Assume $\phi$ is smooth in $[-1,1]$, for each $x \in (-1,1)$ and $\epsilon > 0$ consider
$$F_\epsilon(x) = \int_{-1}^{x-\epsilon} \frac{\phi(y) \text{d} y}{y-x} + \int_{x+\epsilon}^1 \frac{\phi(y) \text{d} y}{y-x}$$
It is known that, as $\epsilon \to 0$
$$F_\epsilon(x) \to \text{p.v.} \int_{-1}^1 \frac{\phi(y) \text{d} y}{y-x}$$
In other words we have pointwise convergence. Is this convergence uniform in $x$? Or do we have convergence in $L^p(-1,1)$?
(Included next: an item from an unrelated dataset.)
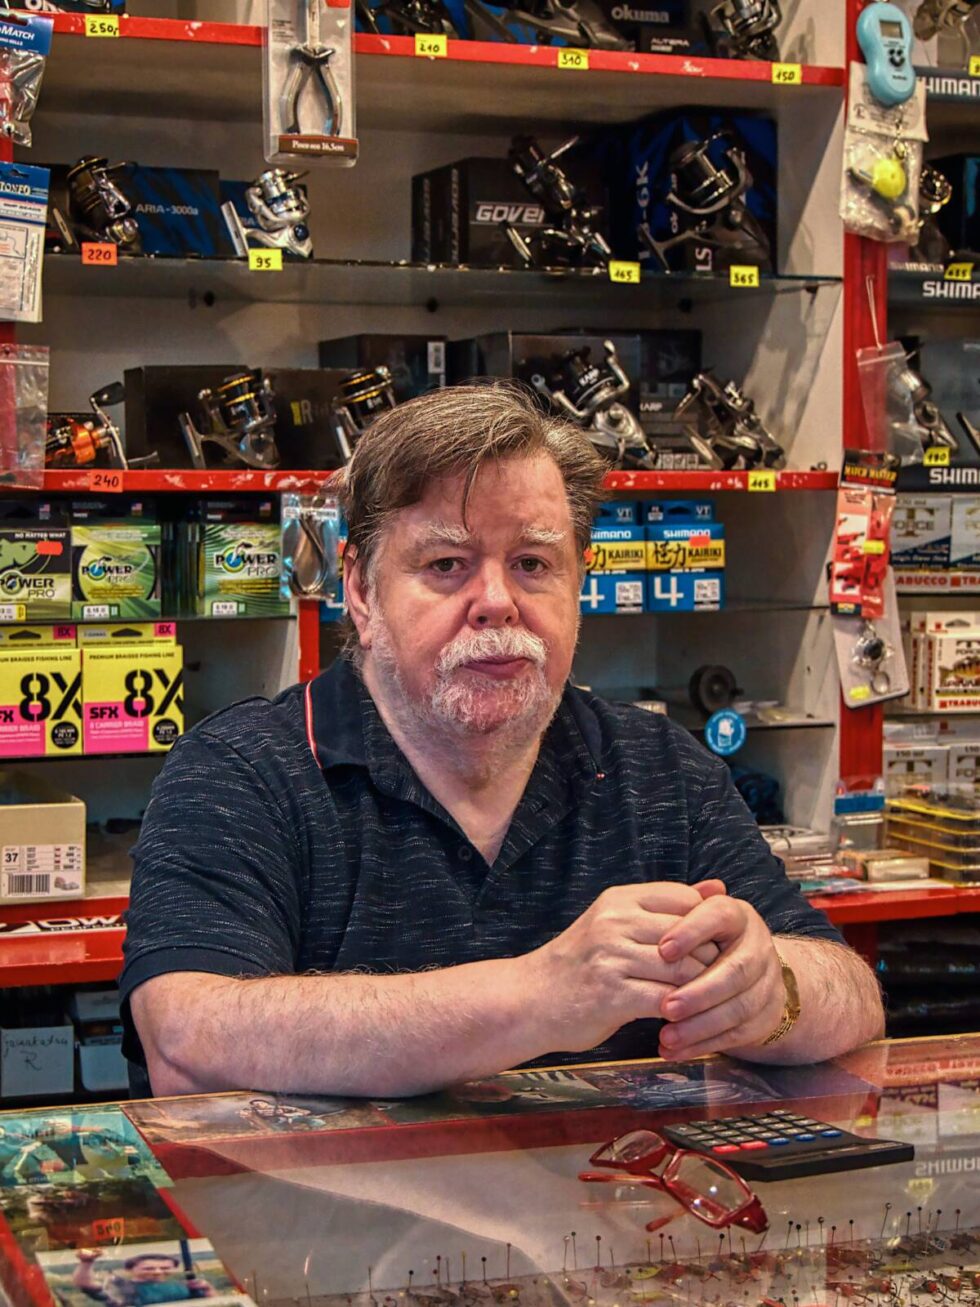 Od 34 lat prowadzi sklep wędkarski. Z trudem radzi sobie z sieciową konkurencją

Hint: Take $x=0.$ Note that
$$F_\epsilon(0)= \int_\epsilon^1\frac{\phi(y)-\phi(-y)}{y}\,dy.$$
So if $\epsilon_1<\epsilon_2,$ then
$$F_{\epsilon_2}(0) - F_{\epsilon_1}(0) = \int_{\epsilon_1}^{\epsilon_2}\frac{\phi(y)-\phi(-y)}{y}\,dy.$$
This integral, by the MVT, is bounded above in absolute value by $2\|\phi'\|_\infty(\epsilon_2-\epsilon_1).$ That's just for $x=0,$ but you can do the same for other $x,$ although the end points may cause trouble. I'd guess we get uniform convergence on $[-a,a]$ for $0<a<1.$